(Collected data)
- - -

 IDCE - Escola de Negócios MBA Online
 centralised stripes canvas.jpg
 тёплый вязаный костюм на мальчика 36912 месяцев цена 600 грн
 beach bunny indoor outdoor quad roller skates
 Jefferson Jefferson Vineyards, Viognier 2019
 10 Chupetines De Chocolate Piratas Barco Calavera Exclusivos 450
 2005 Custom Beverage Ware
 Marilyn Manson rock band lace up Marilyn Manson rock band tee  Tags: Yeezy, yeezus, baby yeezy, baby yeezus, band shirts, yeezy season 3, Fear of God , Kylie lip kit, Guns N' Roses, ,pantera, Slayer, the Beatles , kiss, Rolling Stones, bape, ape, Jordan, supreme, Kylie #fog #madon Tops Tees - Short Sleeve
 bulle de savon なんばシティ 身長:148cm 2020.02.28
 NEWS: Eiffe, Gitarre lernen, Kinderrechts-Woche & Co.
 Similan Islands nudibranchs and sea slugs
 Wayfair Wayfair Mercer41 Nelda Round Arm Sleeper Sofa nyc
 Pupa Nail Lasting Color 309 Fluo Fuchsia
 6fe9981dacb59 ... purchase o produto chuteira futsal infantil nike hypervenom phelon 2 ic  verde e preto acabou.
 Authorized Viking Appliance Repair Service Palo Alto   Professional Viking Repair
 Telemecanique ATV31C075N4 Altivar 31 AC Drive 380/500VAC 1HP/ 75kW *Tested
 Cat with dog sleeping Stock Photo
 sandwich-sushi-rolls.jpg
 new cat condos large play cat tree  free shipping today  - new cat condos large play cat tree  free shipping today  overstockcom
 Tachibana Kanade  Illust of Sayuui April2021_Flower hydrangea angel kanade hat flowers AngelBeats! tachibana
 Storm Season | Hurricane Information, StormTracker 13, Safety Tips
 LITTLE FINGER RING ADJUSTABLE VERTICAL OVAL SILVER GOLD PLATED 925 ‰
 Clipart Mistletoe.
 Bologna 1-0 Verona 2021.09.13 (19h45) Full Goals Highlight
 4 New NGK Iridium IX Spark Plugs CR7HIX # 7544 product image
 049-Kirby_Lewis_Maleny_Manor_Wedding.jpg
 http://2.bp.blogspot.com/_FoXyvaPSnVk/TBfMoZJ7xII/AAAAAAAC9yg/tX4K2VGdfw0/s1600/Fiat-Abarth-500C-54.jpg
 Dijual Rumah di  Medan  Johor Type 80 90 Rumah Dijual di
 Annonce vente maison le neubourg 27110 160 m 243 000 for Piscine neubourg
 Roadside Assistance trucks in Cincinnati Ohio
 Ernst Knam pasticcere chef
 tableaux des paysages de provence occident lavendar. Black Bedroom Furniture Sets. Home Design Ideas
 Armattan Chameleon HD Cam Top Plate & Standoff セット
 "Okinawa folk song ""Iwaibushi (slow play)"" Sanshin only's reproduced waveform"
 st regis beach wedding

- - -

> [To do] Out of the entries above, write out only the lines between the line holding "6fe9981dacb59 ... purchase" and the line holding "Telemecanique ATV31C075N4 Altivar", inclusive, each exactly as given.

> [Reply]
 6fe9981dacb59 ... purchase o produto chuteira futsal infantil nike hypervenom phelon 2 ic  verde e preto acabou.
 Authorized Viking Appliance Repair Service Palo Alto   Professional Viking Repair
 Telemecanique ATV31C075N4 Altivar 31 AC Drive 380/500VAC 1HP/ 75kW *Tested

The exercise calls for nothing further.